We describe here python scripts (flows) in the scripts folder.

View content

flow_0.py

The purpose of this flow is to connect to the previously installed LabNbook database and prepare LabDocs for the next flow which consists in calculating contribution matrices.

Tasks 1: `extract_text_init`

Dependencies
- The dictionary [database]in the project.tomlfile.
Returns
- The file data/tmp/0_labdocs_texts_init.json.gz

Tasks 2: `extract_text`

Dependencies:
- The dictionary [regex_text_patterns] in the project.tomlfile.
Returns:
- The folder data/tmp/0_missions_texts

flow_1.py

The purpose of this flow is to calculate contribution matrices and some variables that describes LabDocs as the number of tokens, segments, ... etc.

Tasks 1: `contrib_and_segmentation`

Dependencies
- The folder data/tmp/0_missions_texts
- The nlp model the config section [nlp][spacy_model] of the file project.toml
Returns
- The folder data/tmp/1_missions_contrib

flow_2.py

The purpose of this flow is to calculate all indicators.

Tasks 1: `nonsemantic_indicator`

Dependencies
- The dictionary [missions] in project.tomlfile
Returns
- The file data/tmp/2_collab.json.gz

Tasks 2: `semantic_indicators`

Dependencies
- The two dictionaries [nlp][model] and [missions] in the project.toml file
- The nlp model in the config section [config_nlp] of the file project.toml
Returns
- The file data/tmp/reports/2_semantic.json

flow_3.py

The purpose of this flow is to generate some reports.

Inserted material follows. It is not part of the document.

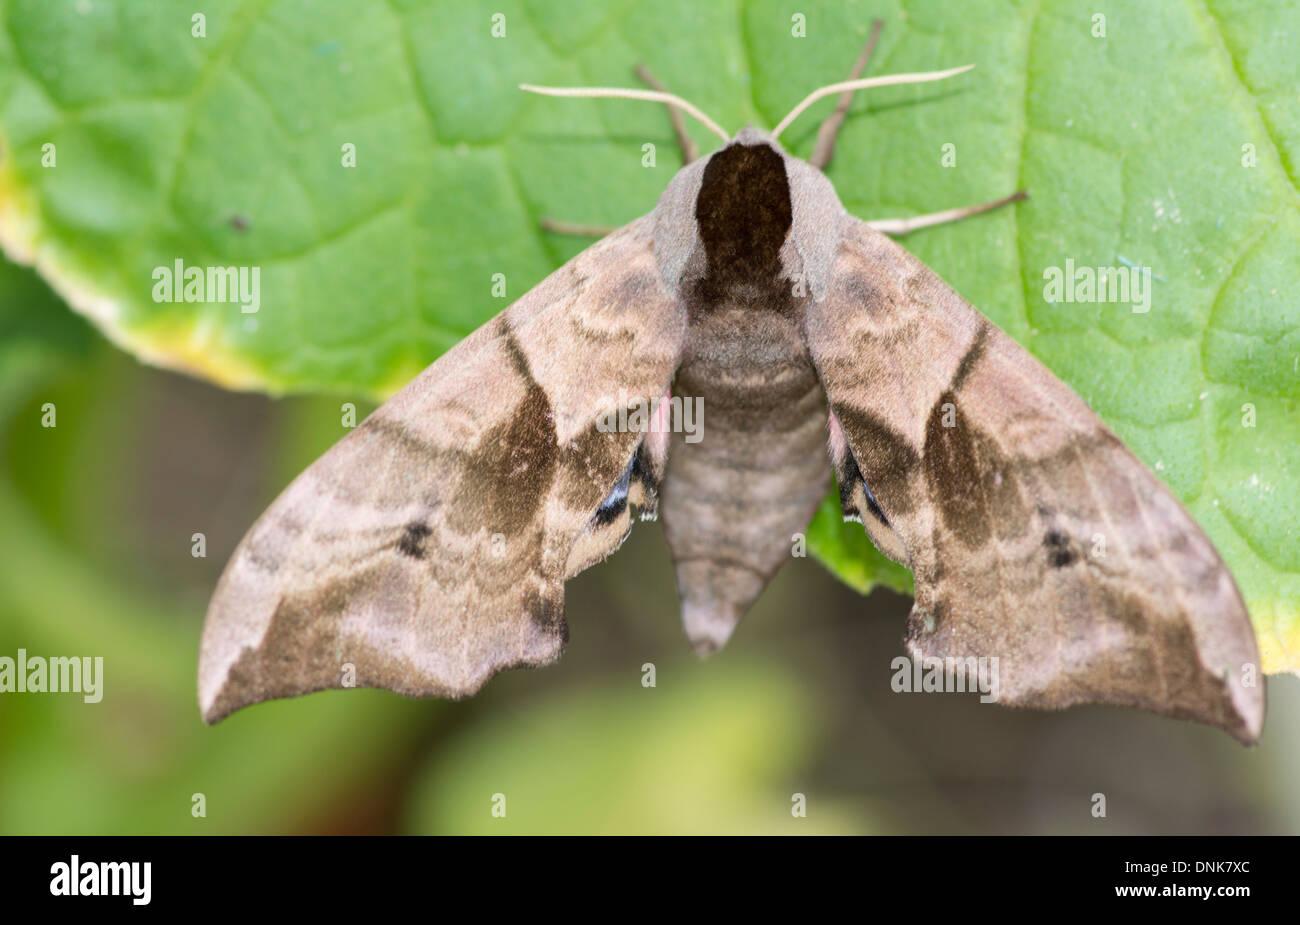 Eyed Hawk-moth, Smerinthus ocellata - Stock Image

Tasks 1: `summary_nonsemantic_indicators_csv`

Dependencies
- The file data/tmp/2_collab.json.gz
Returns
- The file data/tmp/reports/3_summary_nonsemantic_indicators.csv and its corresponding Pandas DataFrame df_nonsemantic

Tasks 2: `semantic_indicator_csv`

Dependencies
- The file data/tmp/reports/2_semantic.json
Returns
- The file data/tmp/reports/3_summary_semantic_indicator.csv and its corresponding Pandas DataFrame df_semantic

Tasks 3: `get_times`

Dependencies
- The Pandas DataFrames df_nonsemantic and df_semantic
Returns
- The file data/tmp/reports/3_times.csv

How to improve this work?

Besides the improvements concerning the quality of the python code, I propose to improve the model all-MiniLM-L6-v2 used in the task semantic_indicator of the flow_2.py. To this end, we give below some suggestions.

View content

Improve the `all-MiniLM-L6-v2` nlp model

What this model does?

As mentioned before, this model is used in the task semantic_indicator of the flow_2.py. In order to have an idea of how this model is used, let's suppose that we have a Labdoc that evolves from a version $v_1$ to a version $v_2$ where these versions may be written by the same author of two different authors. This model takes these two versions as input and gives a score in $[0,1]$ as output. The value $0$ means that the semantic content of $v_1$ and $v_2$ is completely different where $1$ means that it is the same semantic contents. Thus, this model is used to evaluate the semantic evolution of a LabDoc over its versions and results are saved in the file data/tmp/2_semantic.json.

It is worth noticing that this model is used sequentially between two Labdoc versions. For instance, givenv1, v2 andv3, results are of the form

$similarity(v_1,v_1) = s_1 =1$
$similarity(v_1,v_2) = s_2$
$similarity(v_2,v_3) = s_3$

where, for $i=1,2,3$ the scores $s_i$ $\in [0,1]$.

As a concrete example, here is the output of the Labdoc 340270 which is a dictionary of the form {"id_labdoc:{id_trace}:["id_user",score]} saved in the file data/tmp/2_semantic.json.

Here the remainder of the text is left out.